If tails are frozen, thaw them overnight in the fridge, or in a bag submerged in cold water on the counter for about 30 minutes.
Preheat the grill for about 15 minutes, or a grill pan for 5 minutes, over medium heat.
Meanwhile, prepare the lobster tails. Using kitchen shears, cut down the center of the shell lengthwise, starting from the end opposite the tail fins, continuing down until you reach the tail but without cutting the tail. You want to cut through the top of the shell, but don't cut through the bottom shell. Use a knife to cut lengthwise along the ridge in the center, cutting through the lobster meat but not through the bottom shell, then your thumbs and fingers to spread open the shell. Run a skewer through the center of the flesh lengthwise to prevent curling.
Brush the lobster tails with olive oil. Season with sea salt and black pepper.
In a small bowl, whisk together the melted butter, garlic, lemon juice, smoked paprika, and cayenne. Set aside.
Place the lobster tails on the preheated grill, flesh side down. Cook undisturbed for 5-6 minutes, until the flesh underneath is starting to brown and almost cooked through.
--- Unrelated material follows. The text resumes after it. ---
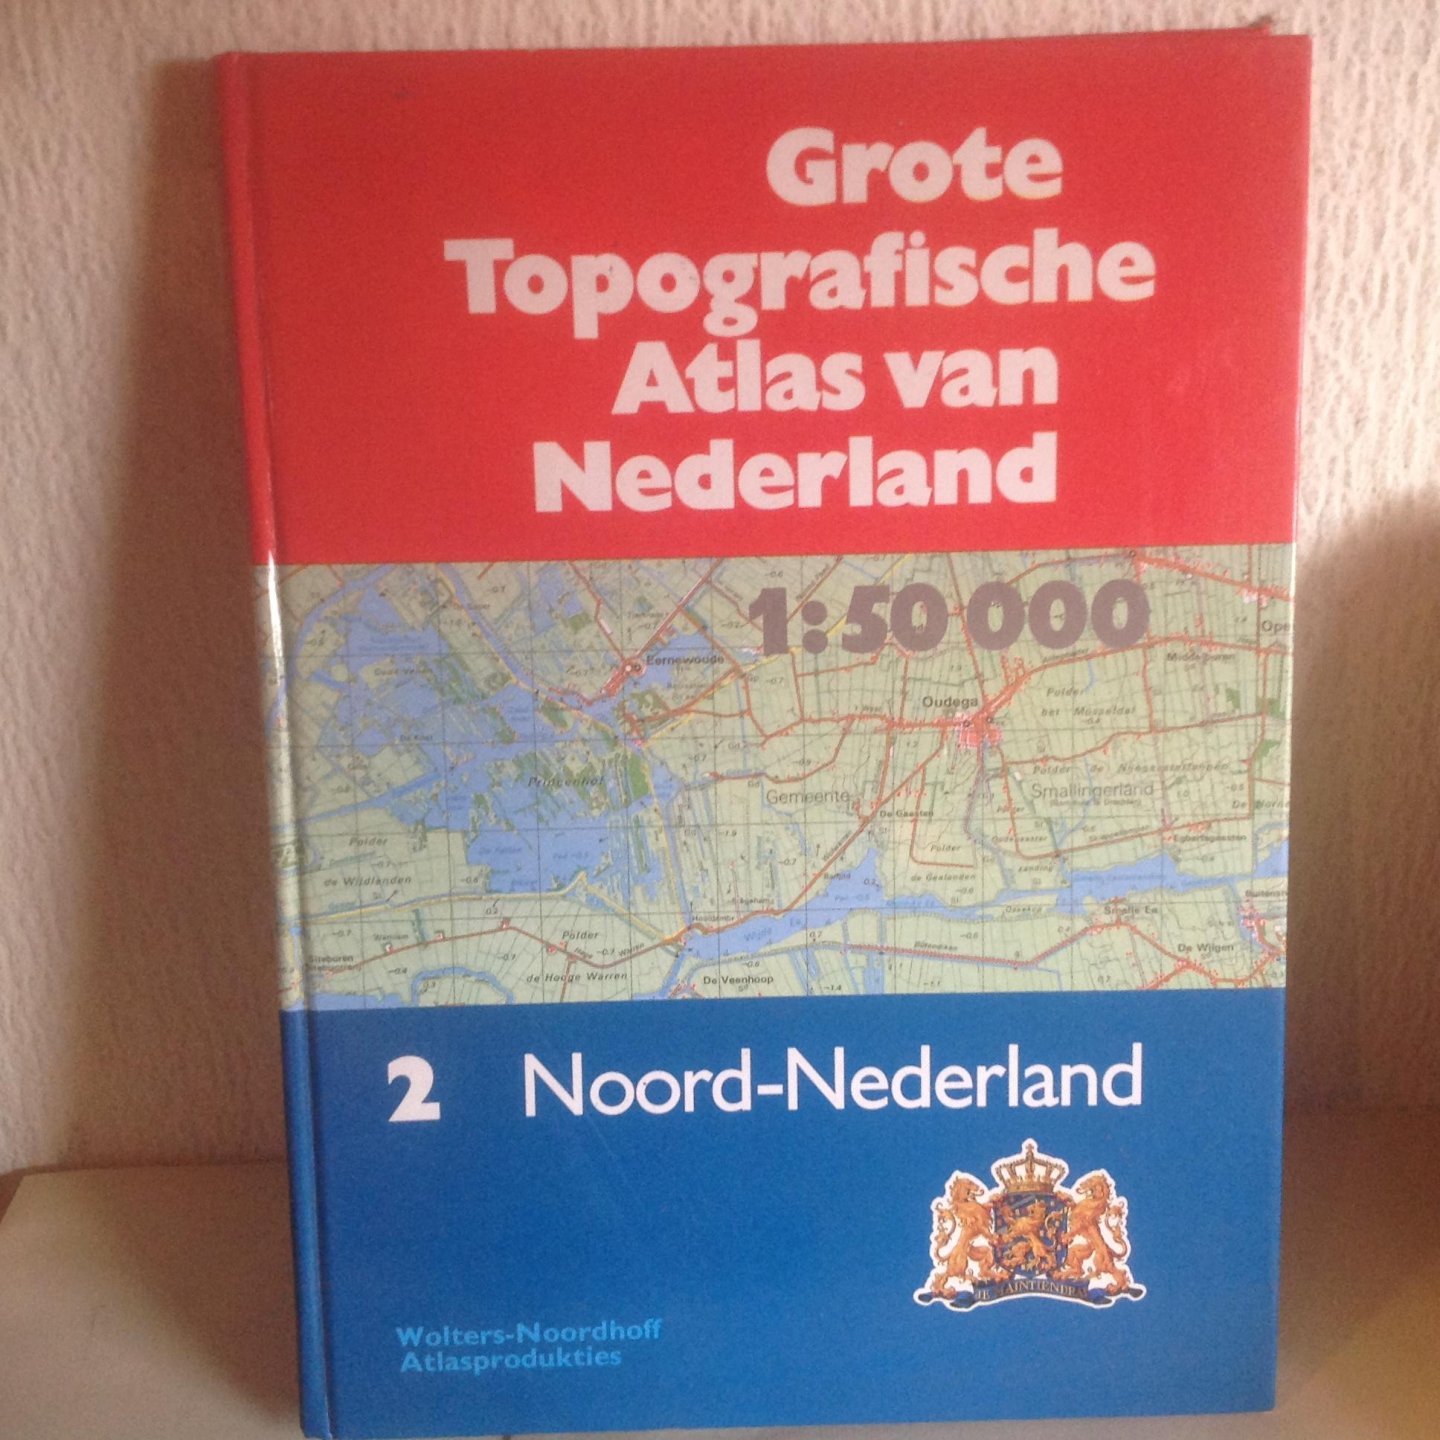  - Grote topografische atlas van nederland / 2 / druk 1

Flip the lobster tails and brush half of the melted garlic butter over the lobster meat. Close the lid and grill for an additional 2-4 minutes for 8-ounce tails, or until opaque. Serve with remaining garlic butter.(If your tails are a different size, a good rule of thumb for lobster tail grill time is about 60-75 seconds total time per ounce of individual tail. For example, if your lobster tails are 8 ounces each, you’ll grill them for 480-600 seconds total, which is 8-10 minutes. Out of that total time, 5-6 minutes would be flesh side down and the remaining time would be after flipping.)